Uma pergunta para aqueles que são mais jovens: vocês sabem o que é uma botija? Considerem como se fosse um tesouro escondido. 
Sabem aquela arca, cheia de dobrões de ouro, que nos filmes vemos os piratas enterrar na ilha deserta? Eis aí a botija. 
Aqui no Nordeste Brasileiro, principalmente no nosso sertão do Seridó, nos idos passados, algumas pessoas tidas “de posses”, por falta de bancos, guardavam, ou melhor, escondiam as suas economias em buracos nas paredes, enterradas nos quintais, sítios e fazendas. 
Muitas delas não tinham o cuidado de desenhar um mapa (a exemplo dos piratas) mostrando onde estava a botija.

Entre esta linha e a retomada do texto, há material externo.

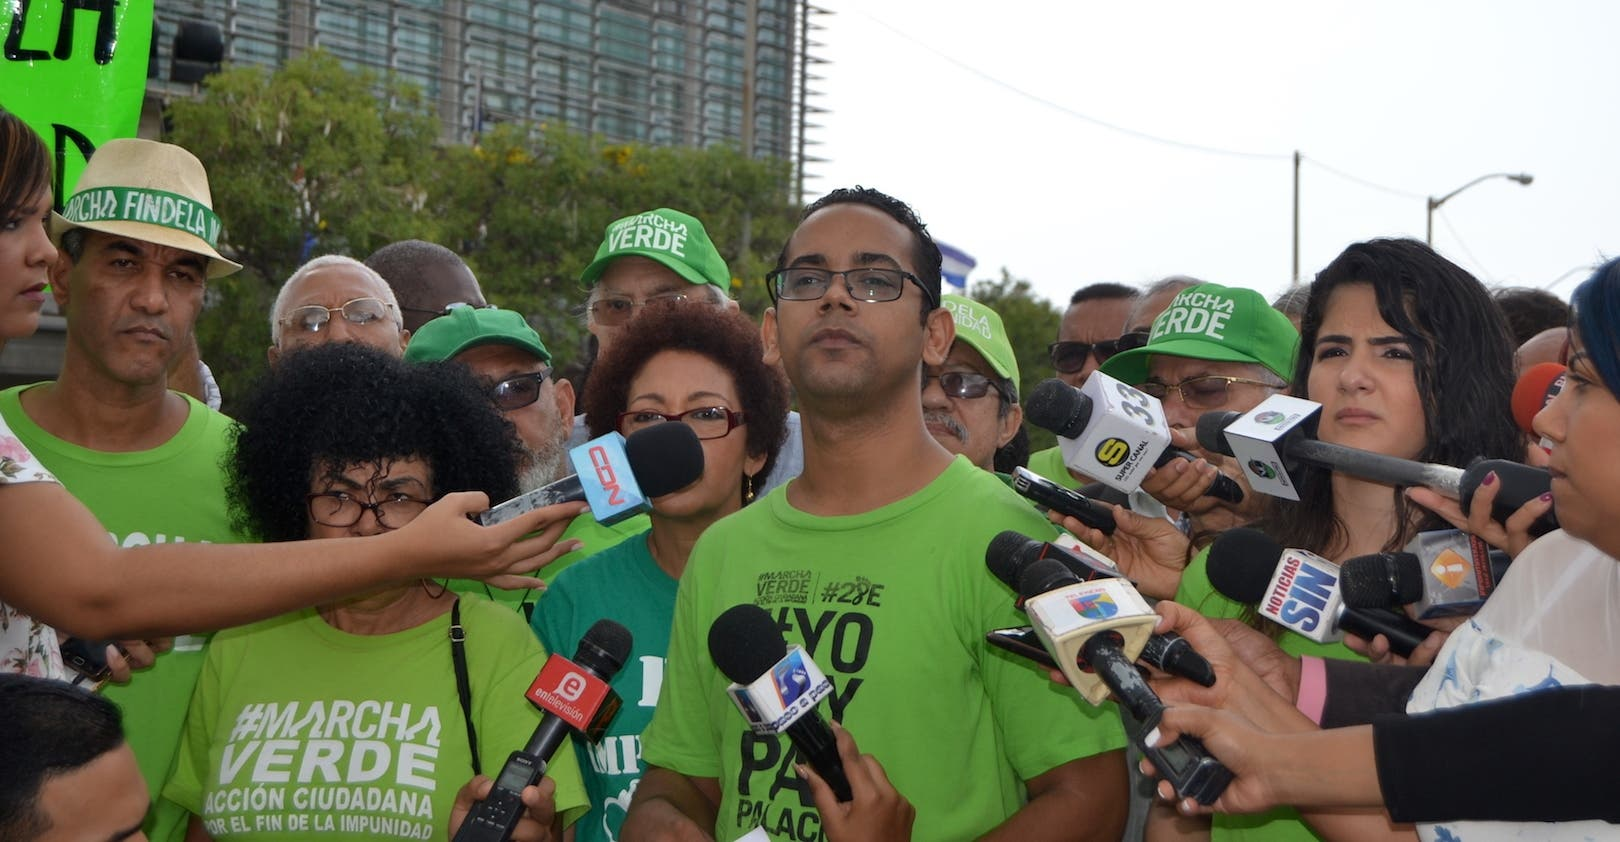 Jhonatan Liriano habla durante la rueda de prensa  de la Marcha Verde.

Assim, quando faleciam, a sua família não sabia onde ficara o dinheiro. 
Essa situação do passado deu muita margem para especulações, no presente. 

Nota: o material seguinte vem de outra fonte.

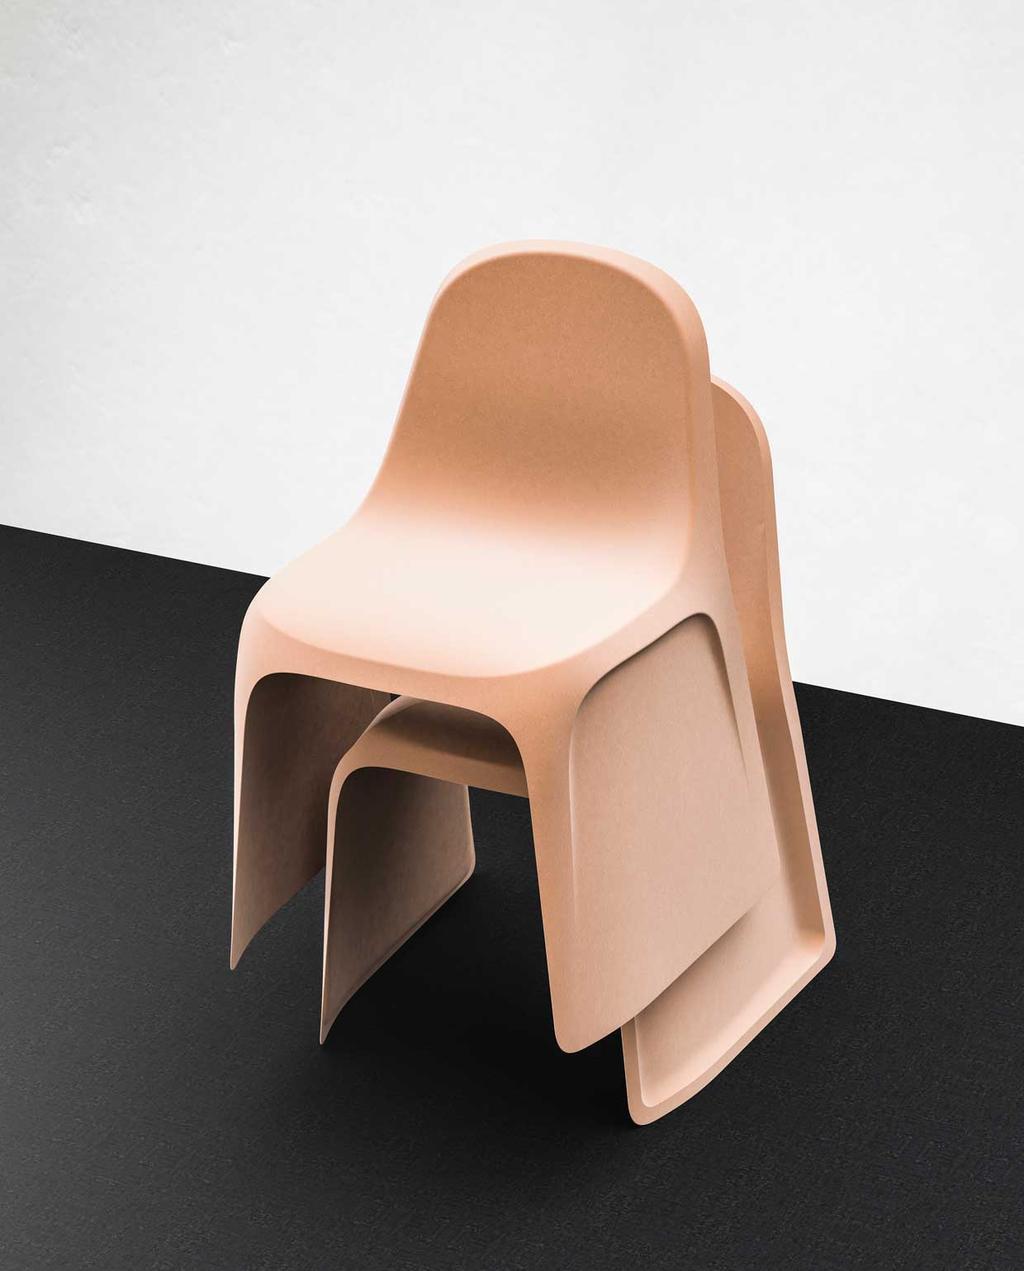 vtwonen blog studentdesign | stoel van karton

Cresci ouvindo histórias de pessoas que descobriram botijas. Sinceramente? Nunca conheci uma delas, pessoalmente. 
Romualdo Verniz, um sertanejo do Seridó, proprietário rural naquela região, se tornou um aficionado em descobrir uma botija na sua gleba rural. 
O cidadão só falava em botijas. Dizem que o homem cavou tanto, que a sua fazenda parecia um queijo suíço. 
Vivia apoquentando o juízo dos amigos com essa obsessão. 
Por isso, alguém resolveu pregar-lhe uma peça. 
Sabedor de que o fazendeiro gostava de pescar à noite num açude por trás da casa-sede da fazenda, foi justamente ali que o amigo lhe preparou a armadilha.   
Numa linda noite de luar do sertão, estava o amante de botijas, sozinho e tranquilamente com a sua varinha de pescar dentro d’água, quando ouviu uma voz cavernosa e sepulcral, vinda não se sabe donde, perguntar:
– Romualdoooooo, você quer enricar? 
Não deu outra. O velho Romualdo pensou incontinente: 
“Valha-me Deus! As minhas preces foram ouvidas. Esta voz é de uma alma e vem me mostrar onde encontrar uma milionária botija”. 
Mesmo tremendo de temor, mas com o seu desejo superior ao medo, com a voz embargada de emoção, respondeu:
– Eu quero, alminha de Nossa Senhora!
O amigo, contendo-se para não rir, e ainda mantendo a voz do além-túmulo, disparou:
– Então, vá dar a bundaaaaaa!
Nesse momento, no caçador de botijas cessaram o nervosismo, a falta de ar e o formigamento nas juntas. Indignado com a falta de respeito ao caboclo macho que sempre foi, sertanejo fazedor de meninos e avô de vários netos, resolveu dar o troco, na mesma medida, àquela alma atrevida e mandou de volta:
– Vai dar tu, alma fresca!  
Moral da história: Naquela noite, a alma pegou o velho Romualdo “com a boca na botija”.